Spectral reflectance characterization and fiber type discrimination for common natural textile materials using a portable spectroradiometer

Publication date: November 2019

Source: Journal of Archaeological Science, Volume 111

Author(s): Hengqian Zhao, Yunli Wang, Shuai Liu, Kunheng Li, Wei Gao

Abstract

Component identification of textile materials is an important issue for studies of cultural heritage collections and science conservation. Portable spectroradiometer technology as a potential technique can be utilized to discriminate mass natural fibers rapidly and nondestructively. The goal of this study was to examine the feasibility of portable spectroradiometer to natural fiber type discrimination in the spectral range covering visible and near infrared (VNIR) (350–1000 nm), shortwave infrared 1 (SWIR1) (1000–1850 nm) and SWIR2 (1850–2500 nm). For this purpose, reflection spectra of four types of natural fibers commonly used in archaeological textiles were measured using a portable spectroradiometer under standardized conditions.
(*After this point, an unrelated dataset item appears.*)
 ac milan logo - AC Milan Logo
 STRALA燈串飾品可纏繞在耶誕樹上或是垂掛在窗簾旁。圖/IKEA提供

The spectral features of four categories of natural fibers in different wavelength ranges were extracted and compared. To further explore the potential of discriminating the fiber types using portable spectroradiometer, principal component analysis in combination with statistical tests was applied. The results indicated that fiber type had a strong influence on the spectral features, which was much more remarkable than the influences of the intra-class variation and physical properties. Moreover, with large inter-class variation and small intra-class variation, SWIR2 was more suitable for fiber type identification than VNIR and SWIR1, which was also validated in the statistical analysis. Besides, the approach of selecting effective principal components in different wavelength ranges could provide a more optimized combination of differential information for the correct assignment of the investigated natural fiber types of textile materials. In general, portable spectroradiometer could be a powerful technique for on-site fiber type discrimination.